I’ve been to Baltimore, once.  It was a business trip and two of the staff from the main office of my employer (Columbia, MD) were kind enough to shuttle my ass up to the city for Maryland Blue Crab.  I guess Marylanders are proud of this cuisine.  I found it tedious and uninspiring; I believe I expended more calories pounding the meat out of the boiled critters than I consumed.  And when I was done, my hands smelled like crab boil; and did for the next several days.  The women next to me on the flight home asked, “First time to Baltimore?”  When I answered in the affirmative, she wrinkled her nose and said, “Thought so!”  Now I don’t mean to impugn the character of the Old Line State (whatever the hell that means); my hosts were genial and generous with their time.  But if the city’s high point is self-serve crab they can let it burn, just tow the USS Constellation (Civil War Sloop, not the aircraft carrier) to open sea first.

One of my agents reports, “It is cold in Chicago!”  Duh!  It’s only April 29th .  Guess where it’s not cold.  Yup, San Diego; as our President reminds us every day, choices have consequences.  It was a balmy 92o at my house today.
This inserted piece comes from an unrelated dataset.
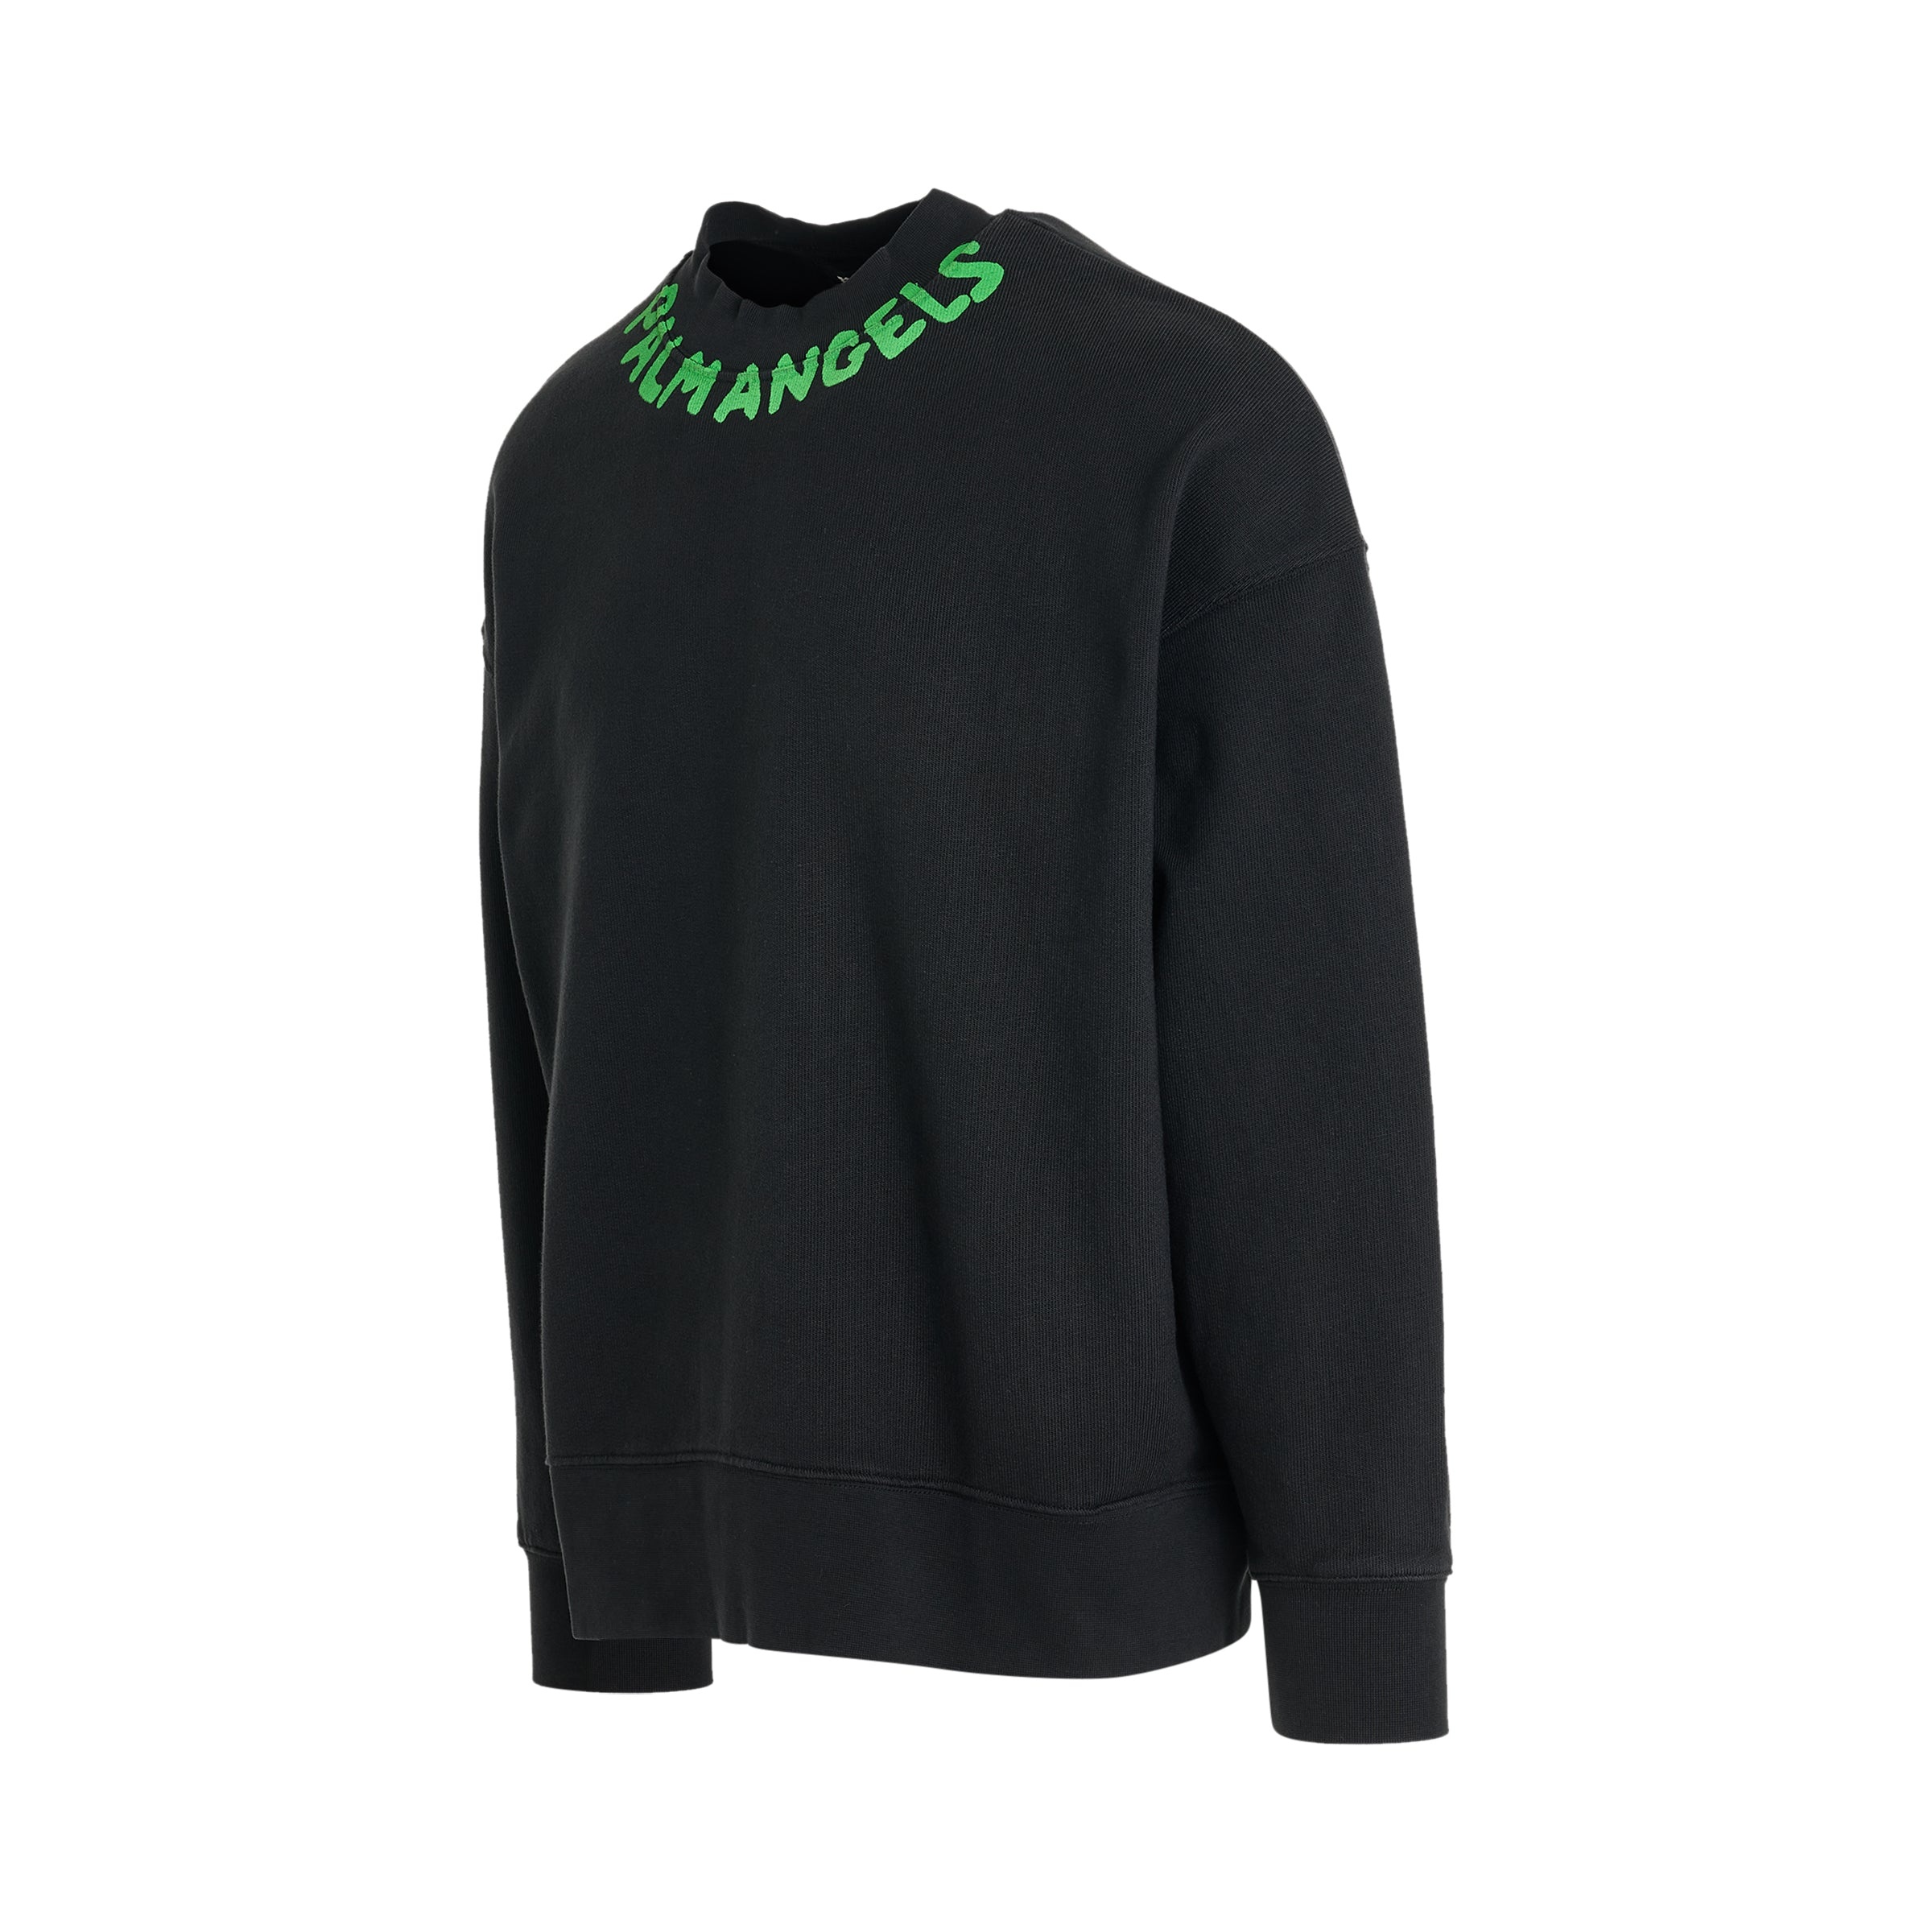 Seasonal Logo Crewneck Sweater in Black/Green - 2

I heard an echo reflected off the wall somewhere that the Supreme Court will look into the definition of marriage.  Other than, “I don’t care!” my reaction is this:  When I was a young tot, marriage was a legal status that allowed a man and woman to share a domicile and engage in coitus.  If persons were not married, said behaviors were illegal.  Then, sometime during the Viet Nam War (yes, I blame the communists), society’s axis changed and the legal onus on non-marrieds was removed.  So as there is no real penalty associated with co-habitation (aka shacking up) in the postmodern era, let’s just can it as a legal status and return the sacrament of marriage back to its religious roots.  Each denomination can perform the ceremony over whomever they choose.  If one is in a gay relationship and can find a minister that will perform the ceremony, then they are married.  Make family oriented tax treatments based on children in the household and not on marital status.  I’m sure such a stand will alienate some traditionalists out there.  But I’m just tired of hearing about it.  And if we don’t let everyone have their way, they’re just going to keep whining about it. Oh, I draw the line at goats.  Goats cannot enter into a marriage.  Sheep?  Well, I’m not so sure.  Baa-baa!

Wednesday, April 22, 2015

The Forgotten Holiday!


Although it is celebrated on July 4th   (1776) as the birthday of our nation, the truth is the date is not correct.  The Declaration of Independence was approved by vote of the Continental Congress on July 2nd, and the document was actually signed on July 6th.  Furthermore, it did not establish the United States of America, rather it was a letter enumerating grievances and severing colonial ties penned to King George III (of England).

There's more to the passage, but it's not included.